Nosler partitions are a good bullet and should hold up well at that velocity. Do you have a 12 twist barrel ?


----------



## hassell (Feb 9, 2010)

I for one would never use a 250 for Mule Deer even if we were allowed, no problems on Wolves.


----------



## dwtrees (Mar 5, 2012)

My wife uses her 250 on white tails all the time. She has taken 9 deer with one shot each the last 9 years we have been out deer hunting. I load 55 gn Hornady soft points for her. She is also a very good shot.

A 60 gn nosler partition should knock one of them speed goats right off its feet I would think just due to the thinner skin and hair. I would guess you should get very good penetration.


----------



## prairiewolf (Feb 19, 2012)

+1 with hassel


----------



## Dang Dawg (Jan 14, 2013)

youngdon said:


> Nosler partitions are a good bullet and should hold up well at that velocity. Do you have a 12 twist barrel ?


YES


----------



## youngdon (Mar 10, 2010)

Good because they specifically call for a 12 twist with that bullet although to be honest I'm not sure I recommend 22-250 for large deer either take it for what it's worth


----------



## sneakygroundbuzzard (Nov 1, 2012)

well i may not be the bullistics expert as some on here are

but i beleive that if it is legal to use in your state

and you have the ability in a hunting situatuation to put the bullet where it needs to go

then use it

now keep in mind that just because you can do it at the range doesnt mean you can in a hunting situation

with the excitment of the hunt,the flow of adrenaline etc,makes for a harder shot every time

where as at the range things are much much more relaxed

here in minnesota we can use any center fire rifle that is .220 or larger

i plan on using my AR-15 in .223 this year,this will also be my first year hunting deer with a rifle and not just my bow

but i know my rifle and my abilities with the rifle so i feel confortable in knowing that i can put it where it needs to go

oh ya,we also dont have a limit on magazine capacity,so i will be using a 30 rd mag 

also when using smaller calibers for deer sized game,you might just want to put the shot in the brain and not the chest.

aint never seen any thing run away with half its head missing 

but you might not want to blow half the head off on a goat

dwtrees said it,thinner skin and hair of the goat.you should be alright with putting it in the pump house

good luck,pics pics pics

we will want lots of pics


----------



## Dialed_In (Jan 5, 2013)

I've seen two kills in my area with the '250. One was a neck shot (bullet hit next to spine and animal went down in his tracks.) The second was shot in the lung area.

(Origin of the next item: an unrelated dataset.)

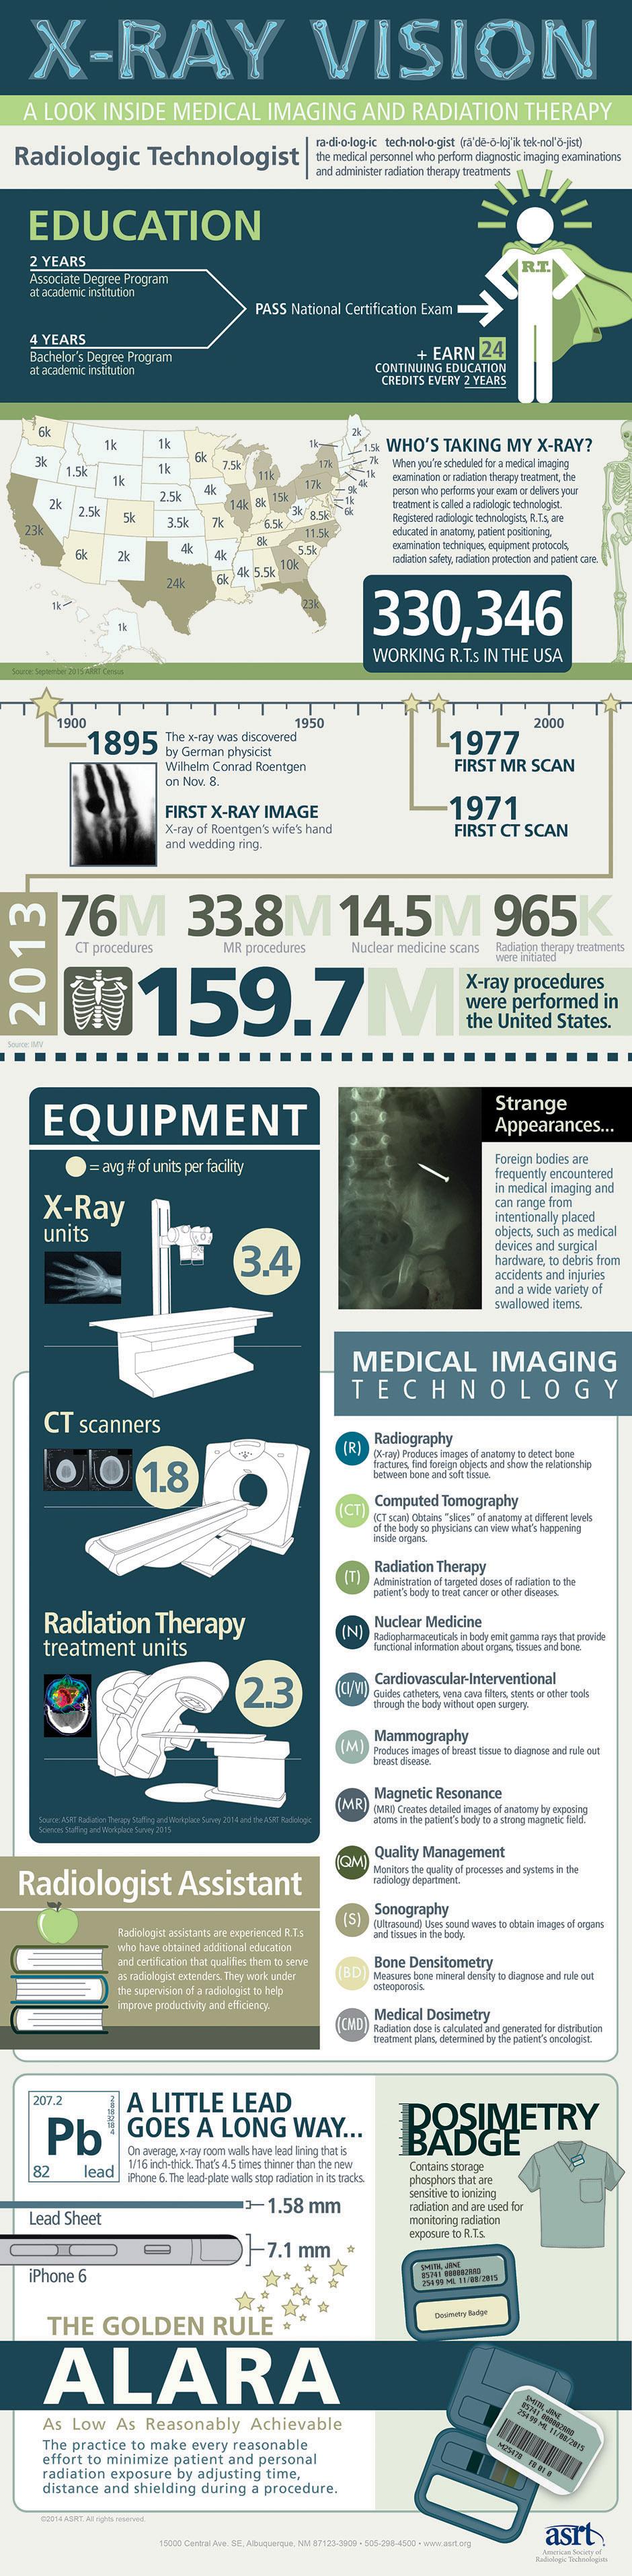 nrtw14_infographic-web-940px.jpg
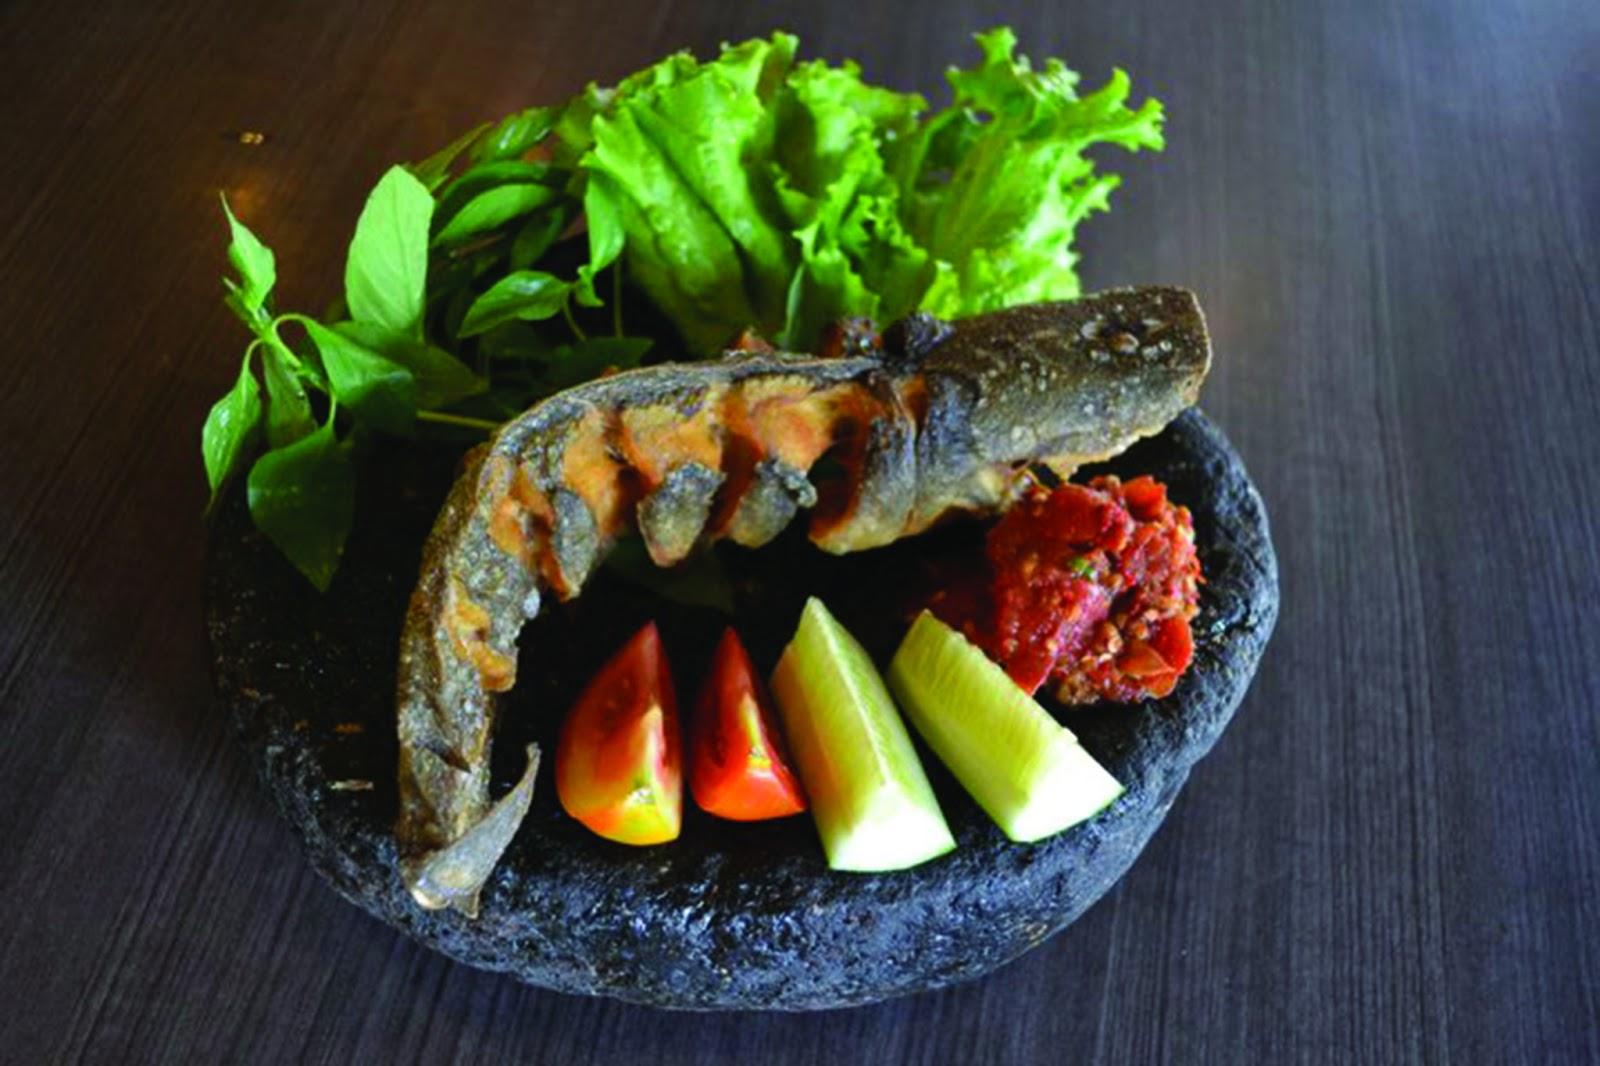 lalapan cucina indonesiana

The lung shot animal traveled over 400 yards before he stopped, bled down and then died where he stood. There was hardly any blood trail due to the bullet exploding inside him with no exit wound. Tracking and luck were responsible for finding the animal. Bottom line the '250 will do it but the shot placement is real critical. In heavy brush areas I shoot whitetails behind the shoulder, about 2 - 3 inches below the back line if possible. It's either a clean miss or he drops where he stands with no trailing or lost animals (regardless of the caliber). The high shot tramatizes the spine and he's down quick. You need a quick humane follow up shot to finish the job ( I use a pistol usually).


----------



## LeadHead (Feb 11, 2012)

The 22-250 is usually considered borderline for taking deer of much size, but on top of that you used a 45 grain bullet? Nobody should wonder at the fact that it didn't do a good job on a "BIG mule deer" as you described. Personally I'm surprised that you found the animal at all, let alone was able to finish it off with a few more shots. Not being critical here, mind you, just honest.
Antelope poses a different situation, especially since you plan to use a heavier, better-suited bullet. If you do your part accuracy-wise I would think it should do a decently good job.


----------



## LeadHead (Feb 11, 2012)

Let me qualify my comment by saying that I have personally witnessed only 1 shot with a 22-250 on a deer and it wasn't particularly good. It was a medium-sized doe, maybe 125-140 lbs and that guy shot it with a 45 grain bullet, coincidentally. She was with 2 or 3 other does in the middle of a large open area approximately 1/2 mile from timber, which was quite fortunate for the hunter. Mind you it wasn't a perfect shot by any means (it obliterated the liver and had no exit wound), and she took off running and then walked, making it about 300 yards from the site of impact. At that point they all stopped in plain view and just milled around for the next 20 minutes at least, too far out of rifle range for a followup shot. She finally laid down and eventually died, but if there had been timber I don't know that he would have ever recovered her. Those light bullets simply are not designed for that sort of work, proper placement or not, especially on large deer.


----------



## LeadHead (Feb 11, 2012)

Oops, posted this message in wrong thread.


----------